Los Angeles - Pouco antes de Charlie Sheen subir ao palco do estúdio 27 do conglomerado da Sony, em Los Angeles, no último dia 10, uma das músicas tocadas para animar o público que aguardava o início da gravação do programa Comedy Central Roast era "Lust for Life". Não poderia ser mais simbólica. Eternizada na voz do roqueiro Iggy Pop, a canção que fala de um homem e suas desventuras com bebida e drogas, além de bradar diversas vezes sobre seu "tesão pela vida", combina bem com a vida de excessos do ator, demitido do papel de protagonista de Two and a Half Men em março deste ano.
Programada para ir ao ar nesta segunda-feira nos EUA, mesma data da estreia de seu substituto Ashton Kutcher na série, a atração que traz Sheen como convidado especial é uma das mais desvairadas do canal de humor Comedy Central. O verbo "roast" na gíria americana significa algo como sacanear. E, basicamente, é isso mesmo o que acontece: o alvo senta numa cadeira no meio do palco e é zoado por um grupo de pessoas que se reveza num púlpito. No caso de Sheen, a sessão de galhofa durou cerca de três horas e teve entre os carrascos os atores Jon Lovitz e William Shatner, a atriz Kate Walsh e o ex-boxeador Mike Tyson, além do apresentador da noite, Seth MacFarlane, criador de desenhos como Family Guy e American Dad.

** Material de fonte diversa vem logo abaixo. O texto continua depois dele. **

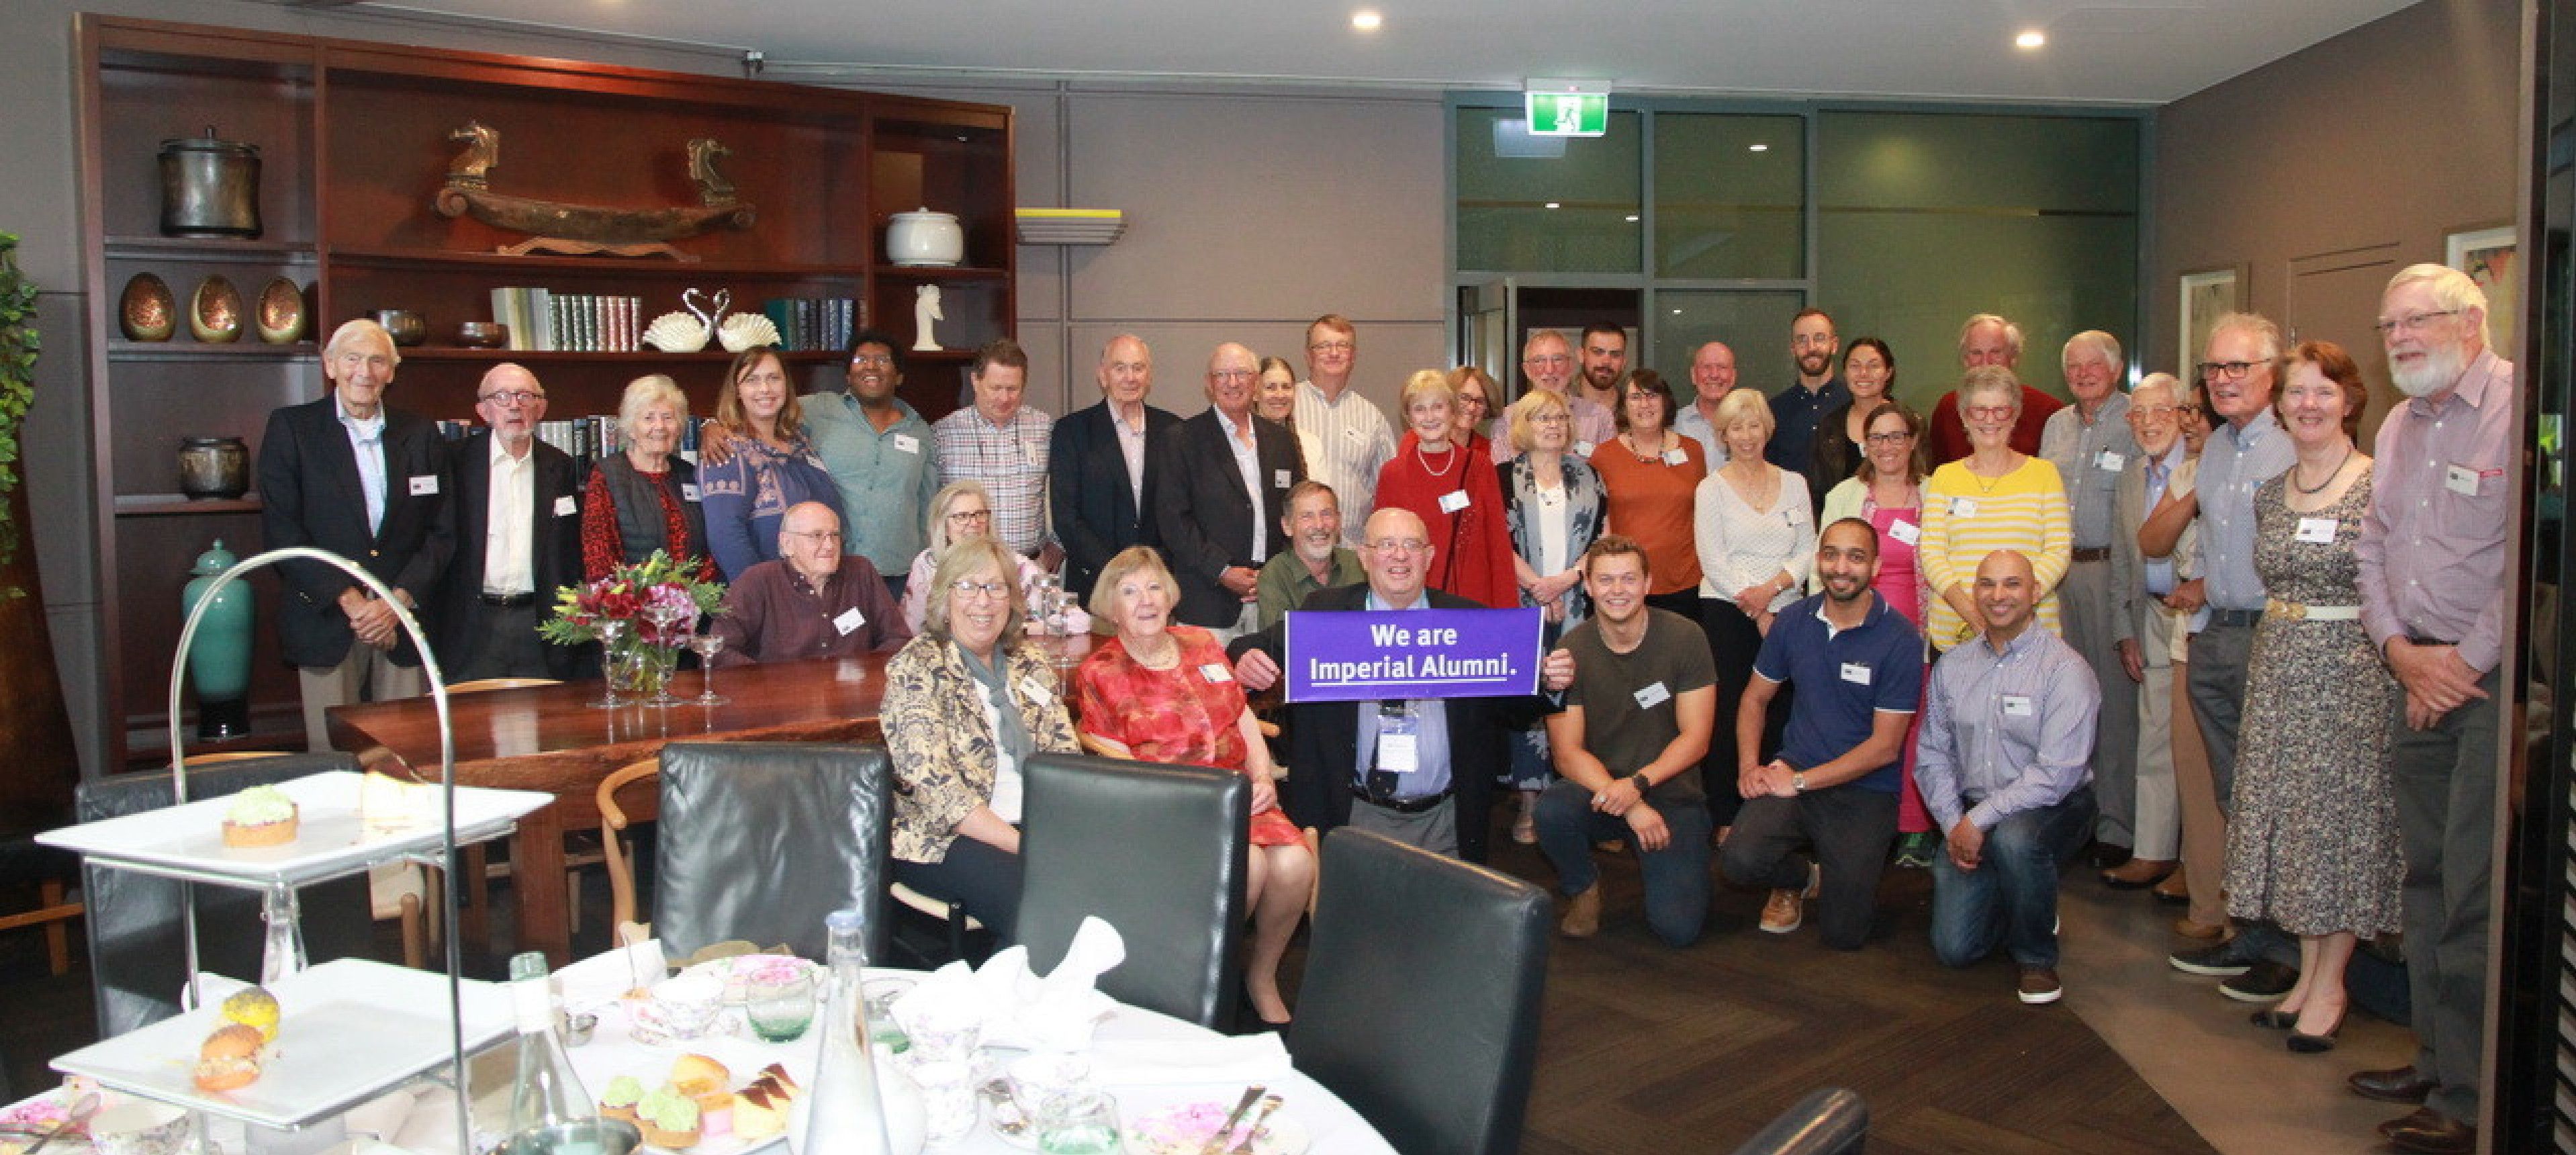 High Tea hosted by the Imperial College Alumni Association of Western Australia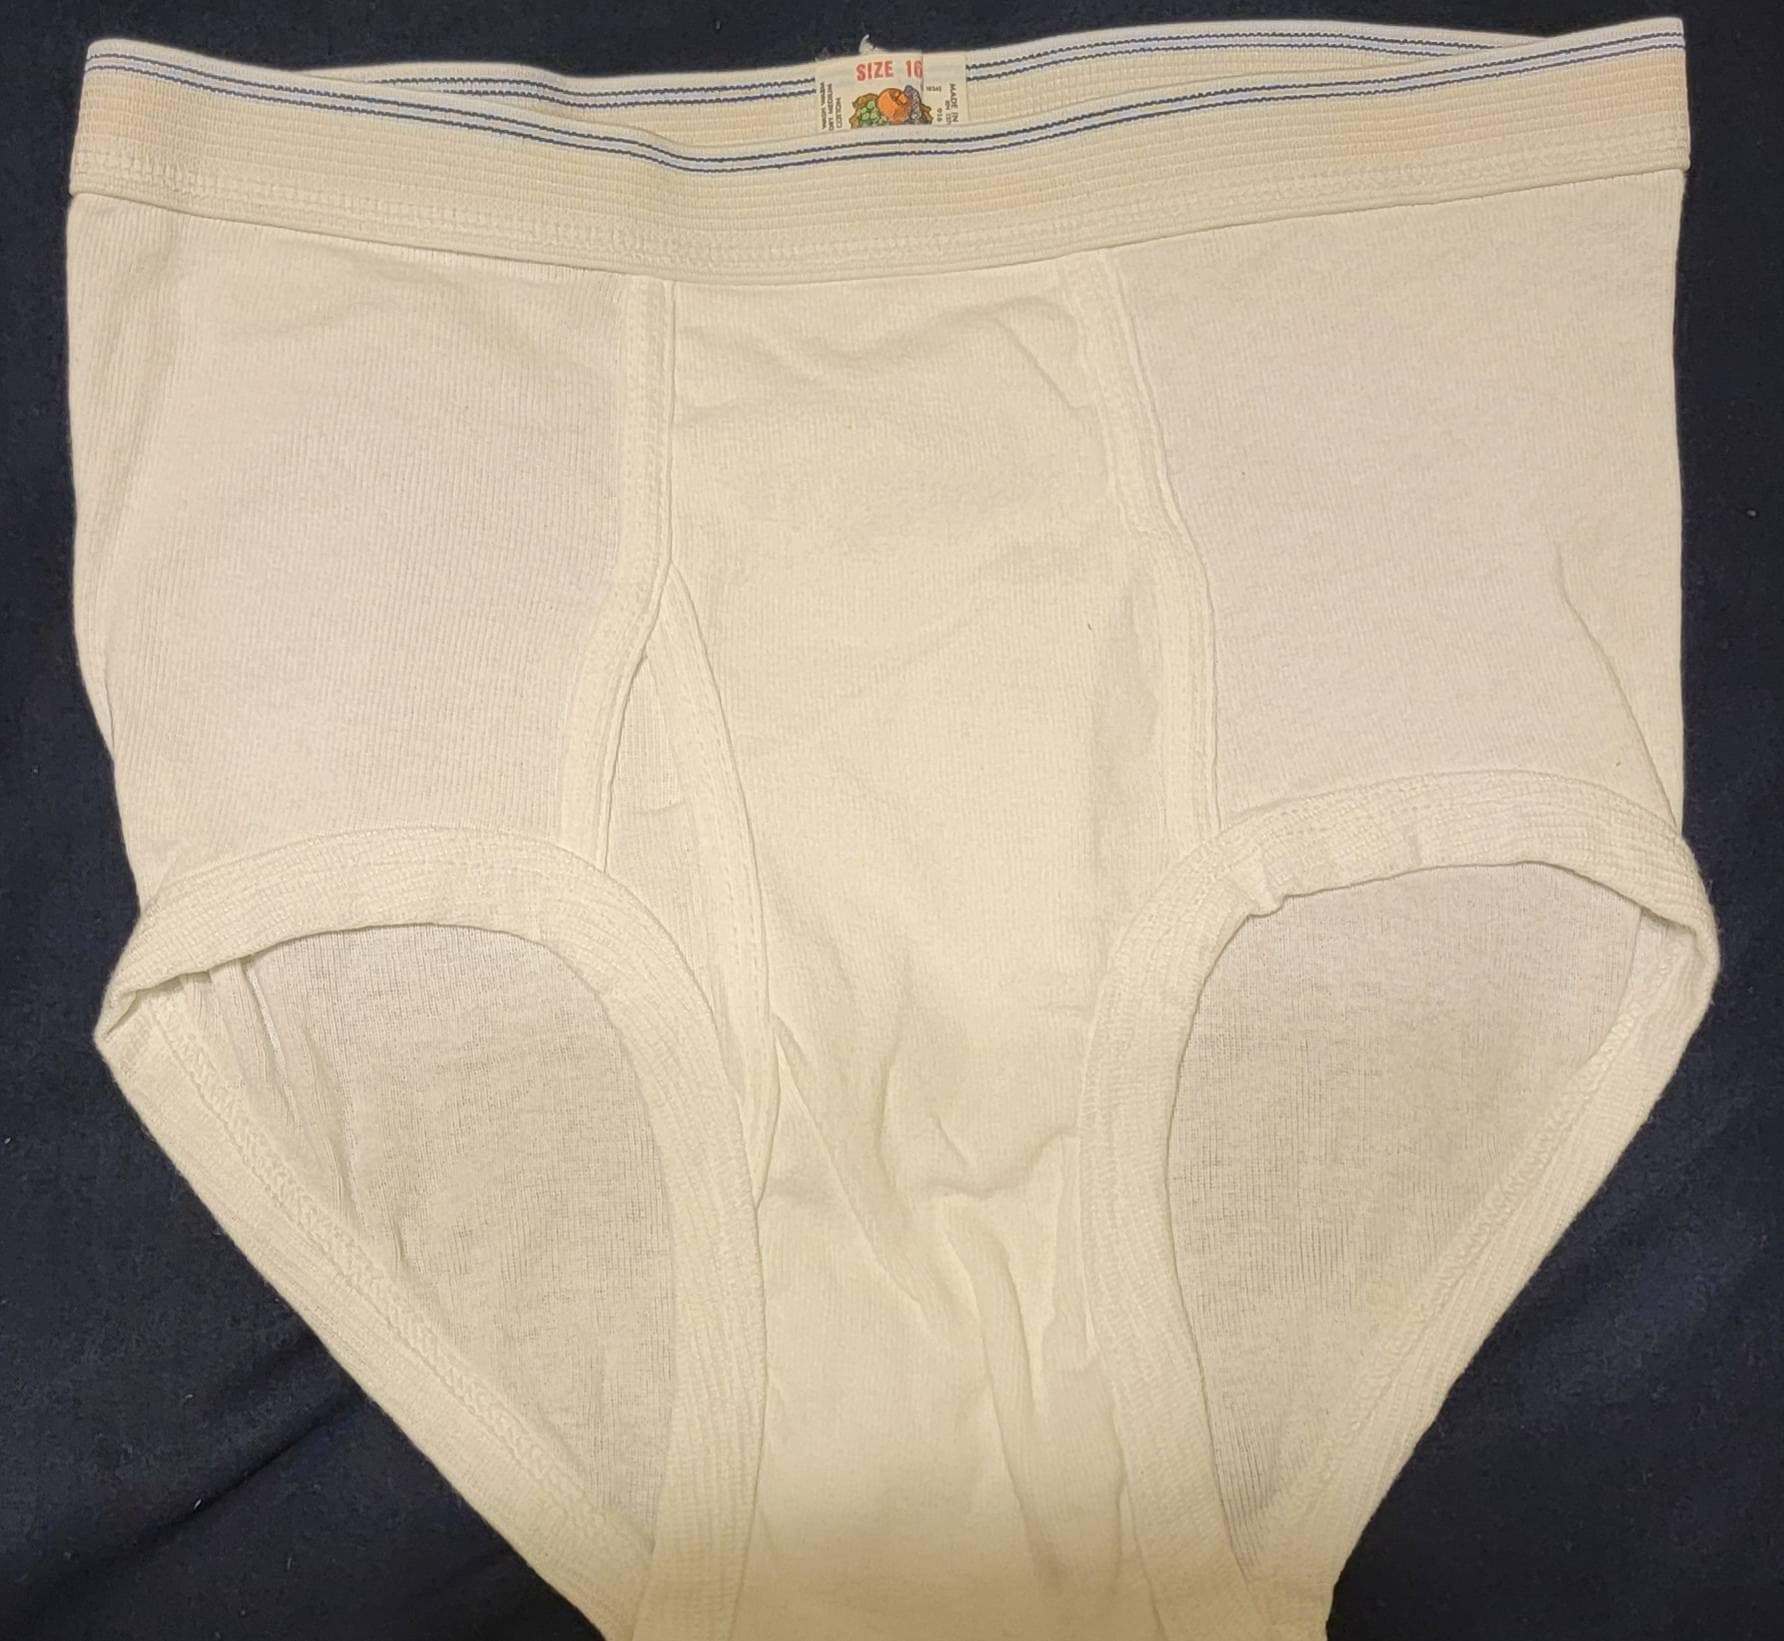 90's Vintage Fruit of the Loom Briefs SIZE 14,16 -  Canada

Mais de mil convidados assistiram à gravação, definida como uma "intervenção" por MacFarlane. Na plateia, gente como Ron Jeremy, uma lenda do cinema pornô, e Brooke Mueller, ex-mulher de Sheen, cuja passagem mais famosa foi ter sido ameaçada a faca pelo ator quando ainda eram casados. Episódios pesados como este, aliás, não foram poupados durante o show.
Parecendo bem mais saudável do que nos últimos meses, o ator levou numa boa as piadas contadas pelos colegas. E eles não foram nem um pouco condescendentes. Nada ficou de fora dos discursos, que falaram do vício de Sheen em drogas, da sua fama de contratar prostitutas e até da perda da guarda dos filhos para Brooke Mueller.
Homenagem
De um jeito um tanto torto, a verdade é que o programa foi uma verdadeira homenagem a Sheen. No início, um clipe mostrou seus personagens mais memoráveis na tevê e no cinema. Na hora de subir ao palco, o ator fez uma entrada triunfal numa engenhoca que reproduzia a frente de um trem, com trilha sonora ao vivo do guitarrista Slash, tocando a seu lado. A referência, aliás, é a Two and a Half Men. Especula-se que o personagem que fazia, Charlie Harper, vá morrer atropelado por um trem no episódio que vai ao ar hoje no exterior.
No final da gravação, Sheen teve seu momento de vingança no púlpito. Mostrando tranquilidade, ele disparou sua munição em direção aos participantes e riu de si mesmo. "Eu tinha o maior salário da tevê. Parece bom, né? E era muito bom. Eu transei com estrelas pornô, usei drogas, tive meu próprio programa na televisão. E, então, eu fiz a única coisa que todo mundo gostaria de poder fazer: mandei meu chefe se ferrar. E, aí, tudo acabou. Foi só quando a poeira baixou que percebi o quão sortudo eu sou porque tenho uma família que ainda me ama. E é por isso que eles não estão aqui hoje. Eles me viram na cadeia, no hospital e em tribunais. Mas acho que me ver num simples canal a cabo ia ser demais para eles", alfinetou o ator, sem perder a pose: "Esse programa pode ter acabado, mas eu sou Charlie Sheen e aqui dentro há uma chama eterna. Só tenho que lembrar de mantê-la longe dos cachimbos de crack".